Retry loop with error tracking: ErrorTracker(max_retries=N) — if validation fails, forge retries inference up to N times with a corrective tool-result message on the canonical channel, rather than returning a malformed response to your caller. From your perspective the proxy looks like a single request that just took a few extra ms.
What proxy mode does NOT do (because it's single-shot, not multi-turn): prerequisite/step enforcement (those need a workflow definition spanning turns), context compaction, session memory. For that surface you wrap the WorkflowRunner class in Python — proxy mode trades that depth for "use forge with your existing setup, no Python rewrite."
So yes — the proxy is fortifying the response shape and retry behavior of /v1/chat/completions. The full agentic guardrails are at the Python class level above it.
For greenfield projects, I've been building on forge native using WorkflowRunner so I get all guardrails. But obviously as a drop-in replacement in existing systems then proxy is the way to go.

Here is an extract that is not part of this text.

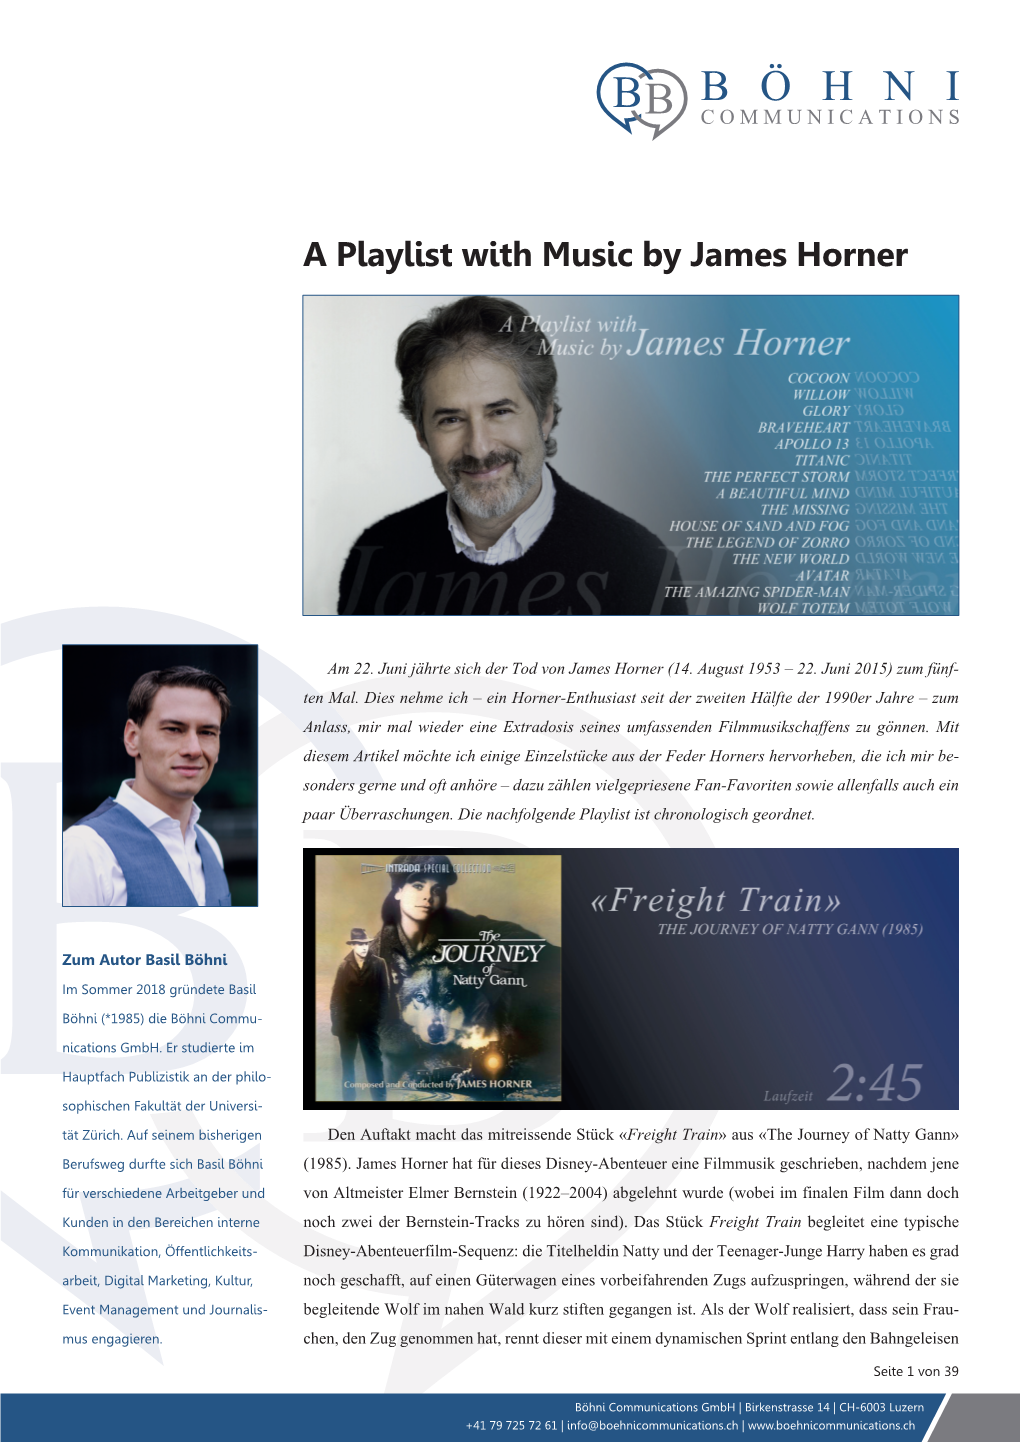 A Playlist with Music by James Horner

I'm definitely still iterating on forge, but so far sending the model a friendly and gracefully handled error message works wonders (instead of barfing a stack trace or something).
And if you didn't mean that then please elaborate :)
Interested in using this for Home Assistant using a Mac Mini as my server. Does it run on MacOS?
How is the latency when using the proxy? I’m using Claude Haiku 4.5 for my voice assistant right now and it’s pretty fast, but if I could keep the LLM local, it’d be even better.
Latency is dependent on the guardrails firing, effectively. If nothing fires, it's a passthrough, for all intents and purposes, very little overhead. But if a retry nudge fires then that's another LLM call.
As a consumer for a home assistant, a retry nudge firing is something I'd catch, and have my voice model output a pre-baked "one sec, trying again" sort of filler message or something.